The operation also underlined Israel's difficult situation: without forces on the ground, the army would not be able to conduct any rescue operations or continue to dismantle Hamas capabilities. But Hamas made any progress on the hostage deal conditional on Israel's commitment to a permanent ceasefire and the complete withdrawal of its troops from Gaza.

For Hamas – which lost four of its remaining bargaining cards on Saturday – Israel's deadly operation could strengthen its position. The group hinted that the rescue operation could make things worse for the remaining prisoners.

“The operation will pose a great danger to the enemy's prisoners and will have a negative impact on their conditions and lives,” the spokesman for the group's military wing, Abu Obeida, said in a statement on Saturday.

Experts said some of the remaining hostages may now be moved from civilian apartment blocks, like those that housed the four rescued on Saturday, to harsher conditions in underground tunnels where they will be harder to reach.

“Hamas will try to draw lessons” from the operation and will take greater precautions to keep the hostages inaccessible, said Avi Kalo, an Israeli lieutenant colonel in the reserves and former head of the military intelligence department focused on soldiers missing in action.

“For Hamas this is not a turning point,” he said, adding that the group still holds many hostages. “Four less is not something that radically changes reality,” she added.

Some Israelis were comparing Saturday's high-stakes operation to the legendary Entebbe raid nearly 50 years ago, when Israeli commandos rescued more than a hundred hostages, mostly Israelis, held in Uganda by pro-Palestinian plane hijackers. Mr. Netanyahu's brother, Yonatan, the commander of the raid, was killed during the mission.

Netanyahu himself sought to link the two on Sunday, announcing that just as the Entebbe raid had been retroactively named Operation Yonatan, in memory of his brother, the government had approved the military's proposal to call Saturday's raid “Operation Arnon ”, in honor of Arnon. Zamora, the Israeli police commando killed in a firefight during the mission in Gaza.

Many Israelis had already accused Netanyahu, whose approval ratings plummeted after October 7, of trying to take advantage of the rescue by rushing to greet the freed hostages at the hospital near Tel Aviv where they were recovering and reuniting with their families. their families.

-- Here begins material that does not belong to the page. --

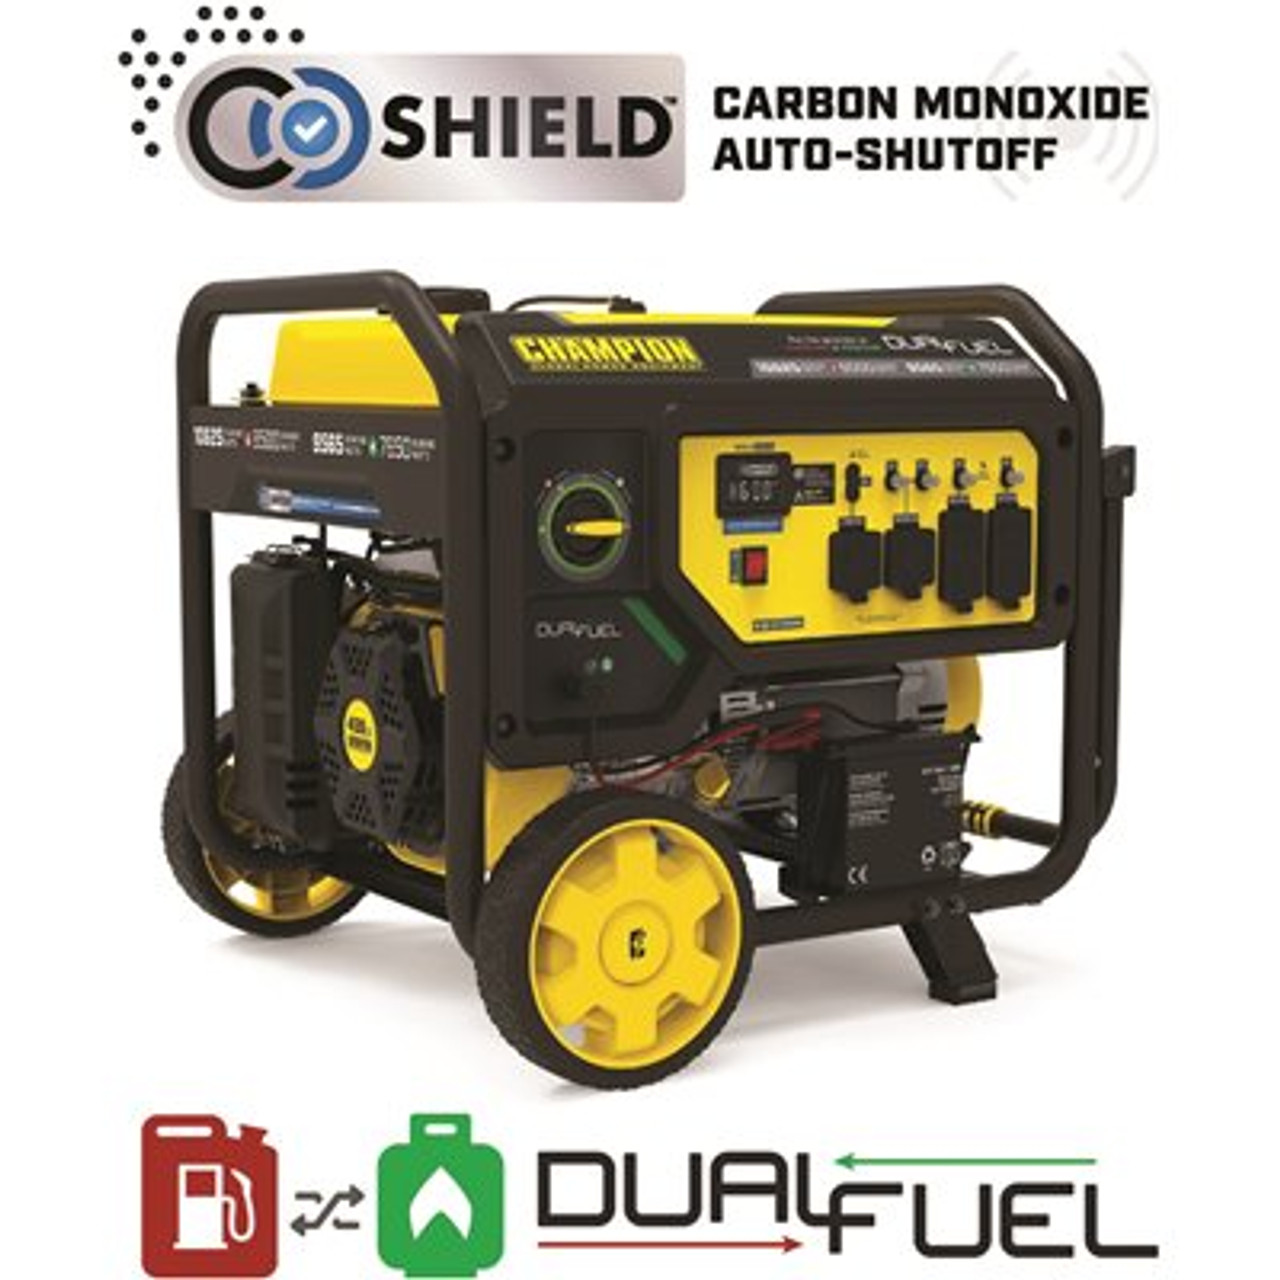 Champion Power Equipment 10,625/8500-Watt Electric Start Gas and Propane Dual Fuel Portable Generator with CO Shield

His office then released reams of photographs and video clips from the hospital, where Netanyahu also made a public statement, breaking his usual avoidance of government activity on the Jewish Sabbath.

Relatives of the hostages who did not return said they received no personal attention from the prime minister. Avi Marciano, whose daughter Noa, a soldier, was kidnapped Oct. 7 and killed in Gaza, wrote in a Facebook post Saturday that in the six months since her death was announced: “The prime minister has not come . He didn't even call.”

The departure of Gantz and his party marked the end of the broader emergency government and served as an indictment of Netanyahu's murky wartime policies.

Gantz joined the government soon after October 7 out of what he called a sense of national responsibility and became a key member of Netanyahu's war cabinet. Three weeks ago he issued an ultimatum, saying he would withdraw from the government by June 8 unless Netanyahu mapped out a clear and strategic path forward, including making decisions and plans on how to free the remaining hostages in Gaza and for the post-war government of Gaza. the territory, among other issues.

Mr. Gantz had planned to give a speech to the nation on Saturday evening, but due to the hostage releases he postponed his long-awaited announcement by 24 hours. The departure of his party will not immediately bring down the government; Netanyahu and his remaining partners still hold a majority in Parliament.

But Gantz accused Netanyahu of delaying crucial decisions for petty political reasons, sending a clear signal that even after Saturday's dramatic raid, not much had changed.